Sinon, j'ai (encore) appris un nouveau mot grâce à toi : "onomastique". J'ai pas encore ouvert mon dictionnaire, mais je me laisse bercer par la sonorité : onomatopée, onanisme, mastiquer... tout ça compose un magnifique champ mental, sinon lexical...
Enfin, comme je l'ai dit chez KarregWenn, ma garce préférée : pour le règlement du copyright des (sublimes) idées de sujets de notes, vous pouvez envoyer les chèques à ma secrétaire. On accepte aussi American Express. ;-)
Je n'ai jamais rencontré personne qui se prénommait comme moi. À vrai dire, je doute même parfois qu'il en existe un deuxième en France (je sais qu'en revanche mon prénom existe en patronyme dans l'Est). Cependant il existe un grand nombre de dérivés.

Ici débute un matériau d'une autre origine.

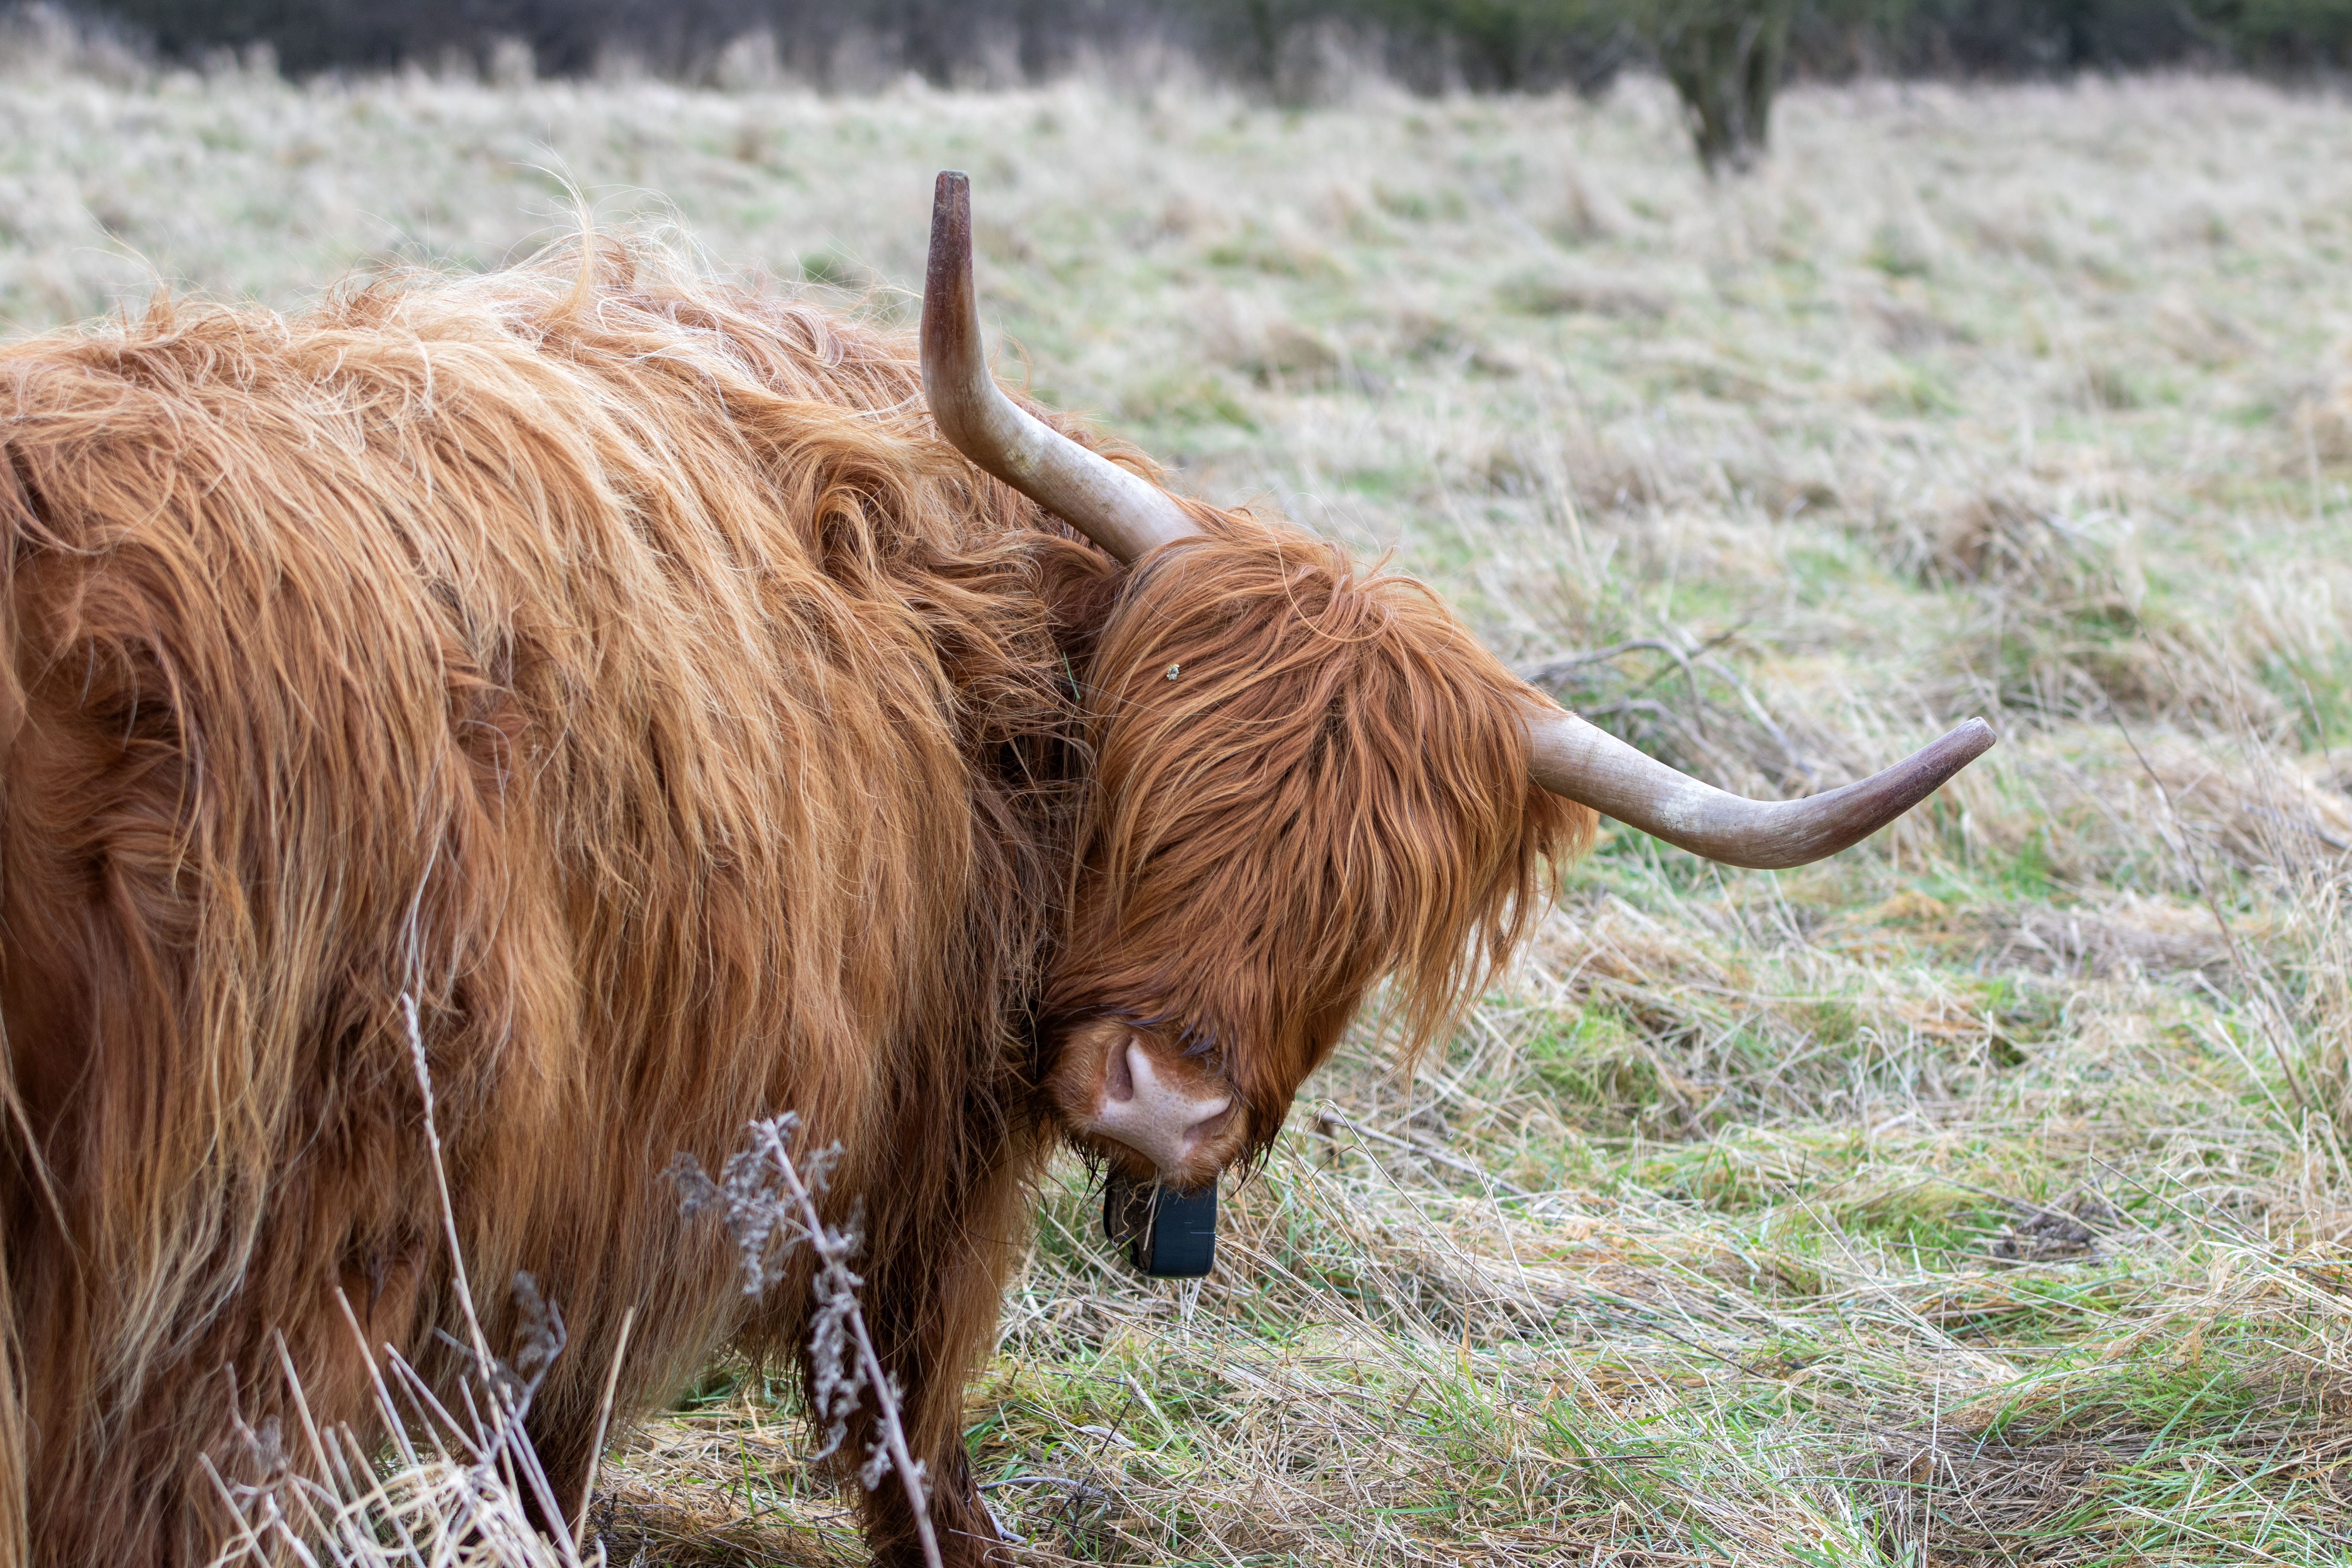 A Highland cattle looks at the camera

Je porte un prénom monosyllabique de six lettres et je dois régulièrement souligner qu'il ne s'agit pas d'un diminutif. J'insiste également pour que la dernière lettre soit prononcée (sinon je ne me reconnais pas).
Il est parfois difficile à porter parce qu'il évoque immanquablement un personnage universellement connu.
Tu trouves ? :)
Ah oui, et aussi : mon prénom est le fruit d'une incompréhension entre mon père et l'employé de la mairie le jour de ma déclaration. Une erreur que mes parents n'ont pas eu le courage de corriger.
C'est toute l'histoire de ma vie : je n'ai pas été désiré et l'on m'a attribué un mauvais prénom ! ^^
Mon conjoint, lui, fait partie d'une situation que tu cites : il porte, d'une façon à peine masquée, un prénom similaire (consonantique) à celui de son aîné, mort d'une méningite dans ses premiers mois...
Sinon je partage ton mépris des diminutifs. D'où mon incapacité à interpeler KarregWenn autrement qu'en prononçant entièrement son prénom dont elle revendique pourtant la version courte.
PS : Comme je suis d'une génération et d'un milieu qui le favorisait, j'ai pour second et troisième prénoms ceux de mes grands-parents, tout deux décédés avant ma naissance : Gé*rard et Eu*gène (je l'ai échappé belle !).
Non, Kab-Aod, je ne trouve pas. Mais je cherche encore, je ne donne pas ma langue au chat.
Courtecuissse et Grossetête! Mais c'est tout moi, ça, Lancelot!